The depletion deduction in all cases until the capital invested is extinguished, will be such a percentage of the unextinguished capital as the reduction in flow or production of one year is a percentage of the flow or production of the previous year.

Regarding Fair Market Value.

The estimate of the fair market value of gas and oil properties as of March 1, 1913, on which depletion deductions are based shall be the price at which the property as an entirety might have been sold for cash or its equivalent as of that date. The value hereinbefore contemplated must naturally be determined by each individual or corporation interested and who is the owner of the property, upon such basis as will not comprehend any operating profits, the estimated value in all cases to be subject to the approval of the Commissioner of Internal Revenue.

Ledger Account Required.

Every individual or corporation entitled to a deduction for depletion on account of reduction in flow or production of oil or gas shall keep an accurate ledger account, in which shall be charged the fair market value as of March 1, 1913, or the cost, if the property was acquired subsequent to that date, of the property whose value declines with the removal of the natural deposits. This account shall be credited with the amount of the depletion deduction claimed and allowed each year, to the end that when the credits to the account equal the debits, no further deduction for depletion with respect to this propery and the capital invested in it, will be allowed.

Cannot Revise Valuation.

The value determined and set up as of March 1, 1913, or the cost of the property if acquired subsequent to that date, will be the basis for determining the depletion deduction for all subsequent years during the ownership under which the value was fixed, and during such ownership there can be no revaluation for the purpose of this deduction if it should be found that the estimated quantity of oil or gas contained in the property was under-stated at the time the value was fixed or at the time the property was acquired.

The Lessee's Rights.

The provision of the law authorizing the depletion deduction, designed as it is to provide a means whereby the invested capital of an individual or corporation may not be subject to the tax imposed by this Title, does not apply to individuals or corporations who are operating oil or gas properties under lease, since in those cases the operator has no capital invested in such properties. By capital invested, as herein used, is meant the fair market value of the properties as of March 1, 1913, if acquired prior to that date, or the actual cost if acquired subsequent to that date, as it relates to the owner in fee of the properties. Lessees will, however, be permitted to deduct from gross income each year, a reasonable allowance for depreciation, which depreciation applies to the physical property including rigs, tools, machinery of all kinds, pipes, casing, and other equipment necessary to the operation of the wells or field.

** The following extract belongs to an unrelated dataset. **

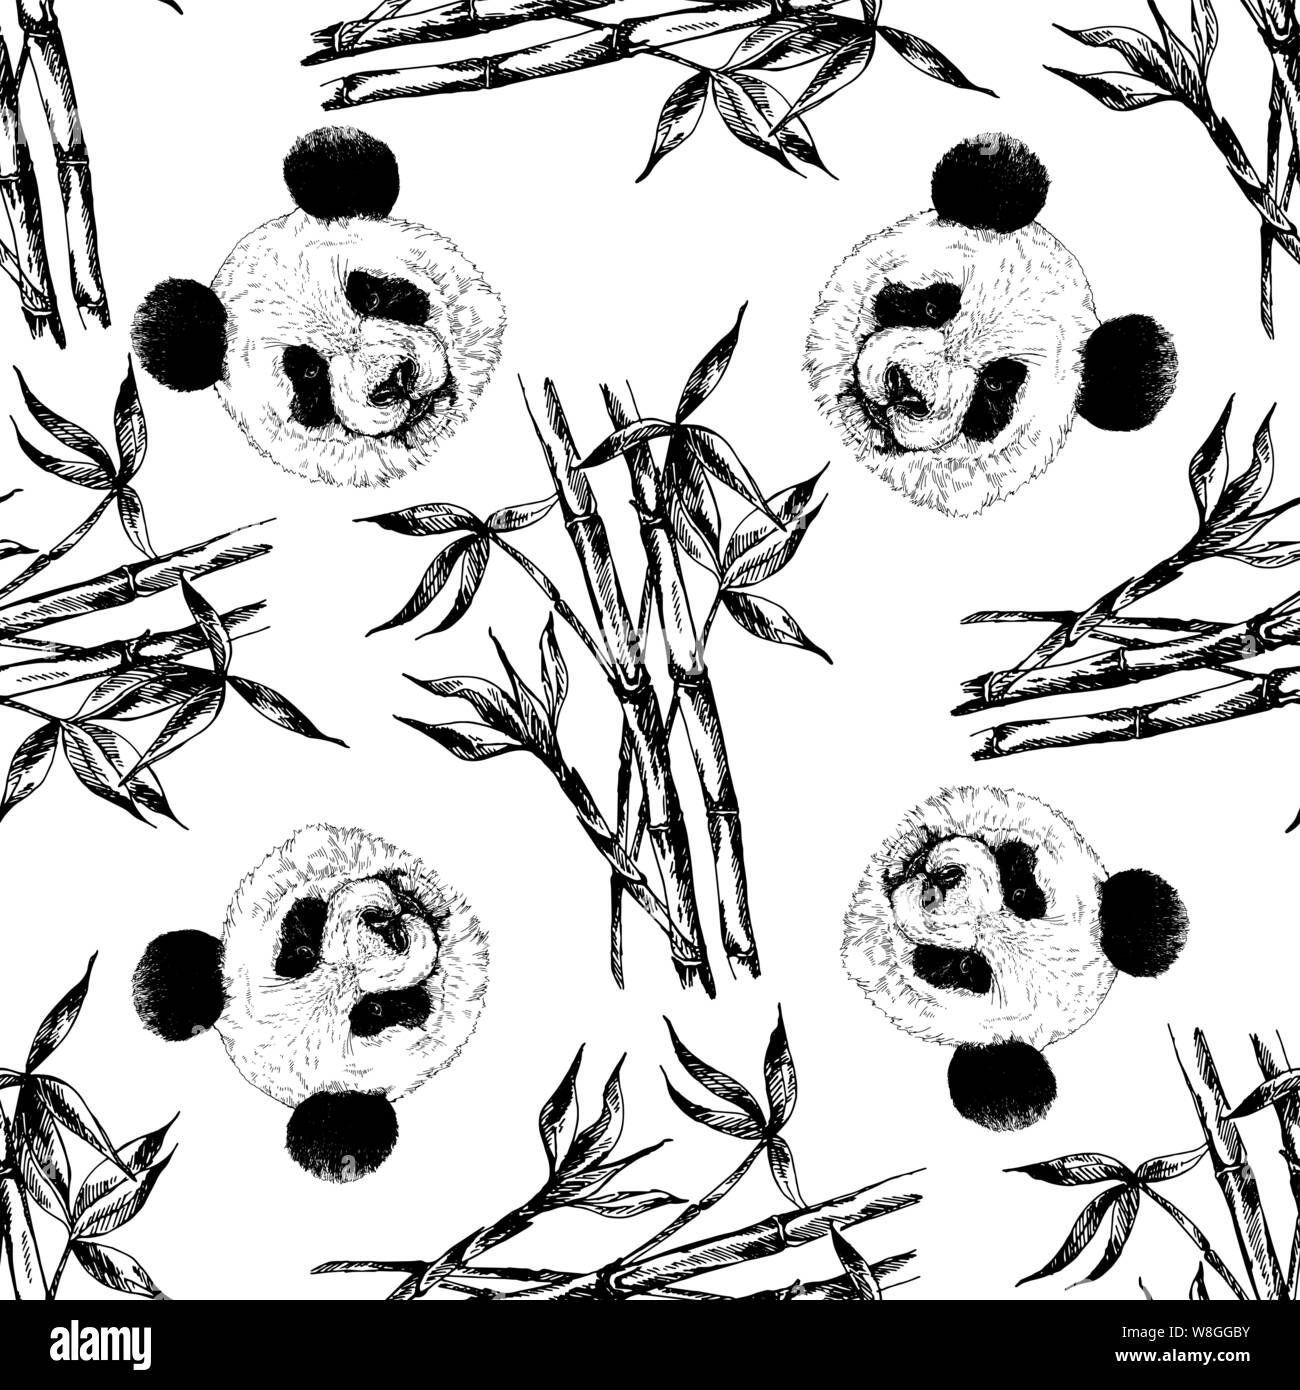 Nahtlose Muster von Hand gezeichnete Skizze stil Pandas und Bambus Stängel und Blätter auf weißem Hintergrund. Vector Illustration. Stock Vektor
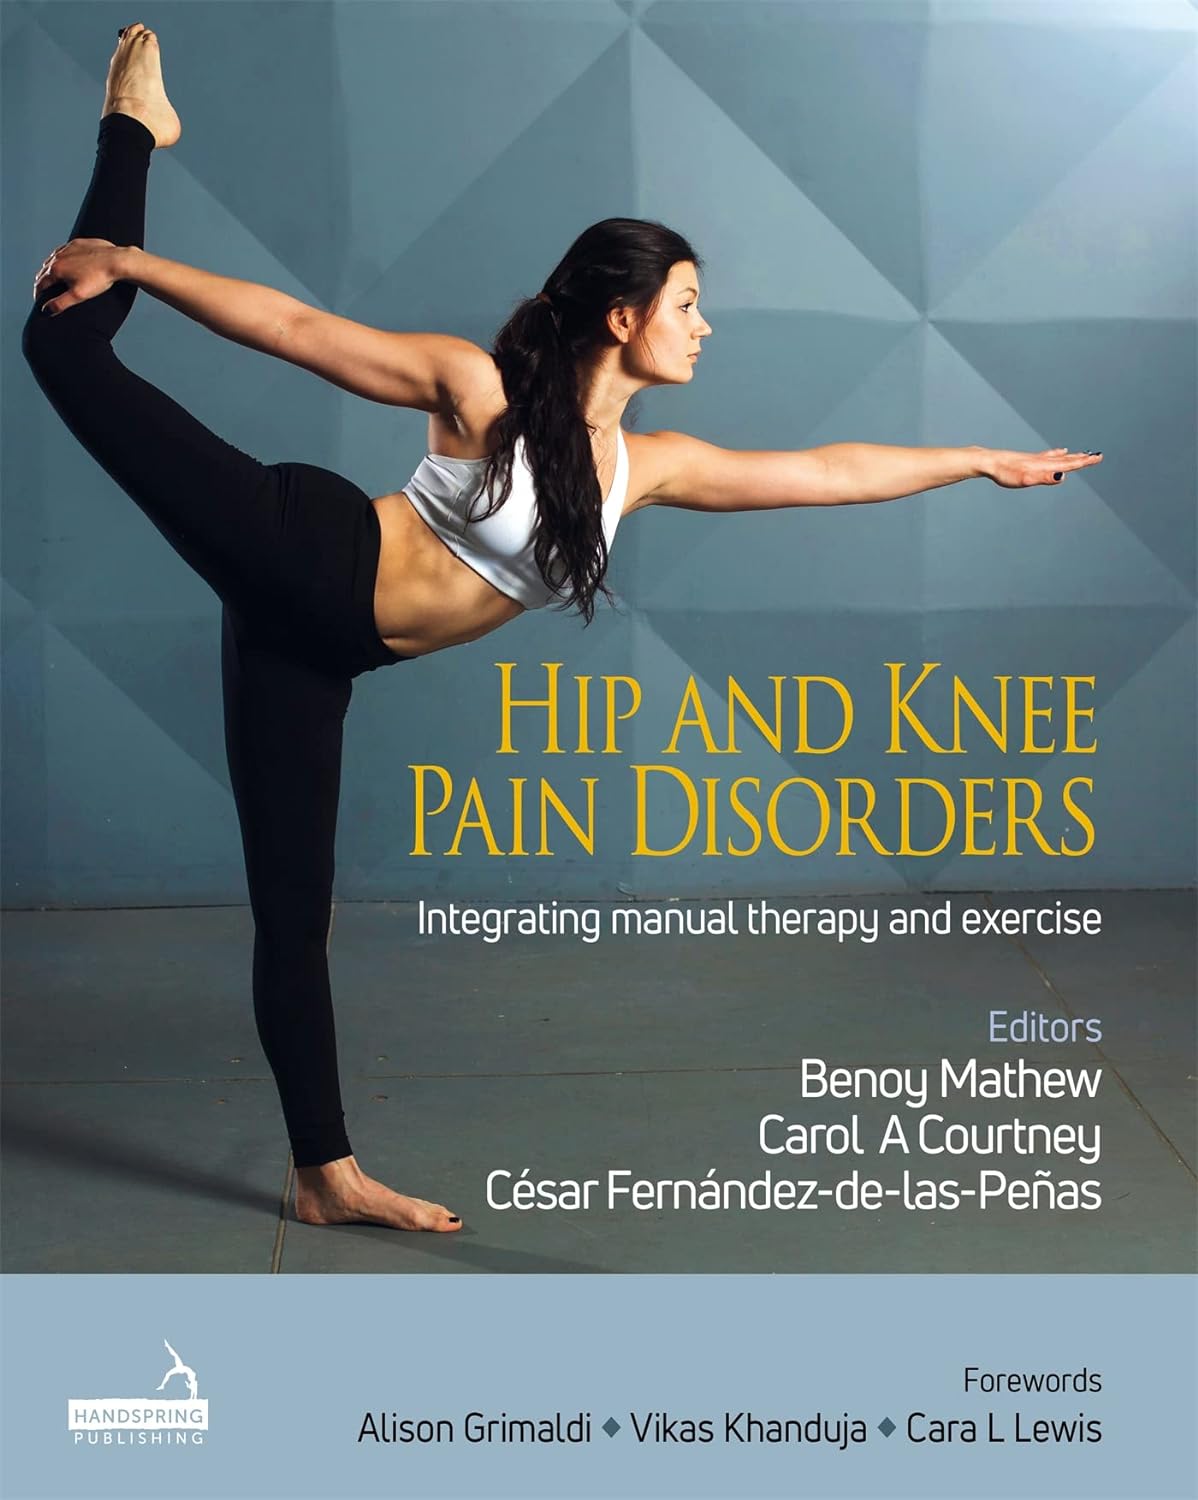 Bóle bioder i kolan Podejście oparte na dowodach i badaniach klinicznych, łączące terapię manualną i ćwiczenia

If lessees, in order to secure the right to enter upon, explore, develop, or operate gas or oil properties, paid or shall pay, a bonus in addition to royalties, the amount of such bonus so paid, may be ratably distributed over the life of the lease or over the productive life of the property, and the lessee may deduct annually as a rental payment, an aliquot part of the amount of the bonus so paid, until such amount has been extinguished.

Expense of Drilling.

The incidental expenses of drilling wells, that is such expenses as are paid for wages, fuel, repairs, etc., which do not necessarily enter into and form a part of the capital invested or property account, may, at the option of the individual or corporation owning and operating the property, be charged to property account subject to depreciation, or be deducted from gross income as an operating expense. If, in exercising the option, the operating individual or company charged the expense of drilling wells to property account, the same may be taken into account in determining a reasonable allowance for depreciation during each year, until the property account thus augumented has been extinguished through annual depreciation deductions, after which no further deduction on this account will be permitted. The cost of drilling dry or non-productive wells may be deducted from gross income as a loss.

Must Furnish Information.

To each return made by an individual or corporation owning and operating oil or gas properties, there should be attached a statement showing (1) (a) the fair market value of the property (exclusive of machinery, equipment, etc.) as of March 1, 1913, if acquired prior to that date, or (b) the actual cost of the property if acquired subsequent to that date; (2) how the fair market value of the property as of March 1, 1913, was ascertained; (3) the quantity of oil or gas produced during the year for which the return was made; (4) the quantity produced during the year immediately preceding; (5) how the depletion deduction claimed in the return was computed, whether upon the decline in flow and production of individual wells, groups of wells, or the entire field; and (6) any other data which would be helpful in determining the reasonableness of the depletion deduction claimed in the return.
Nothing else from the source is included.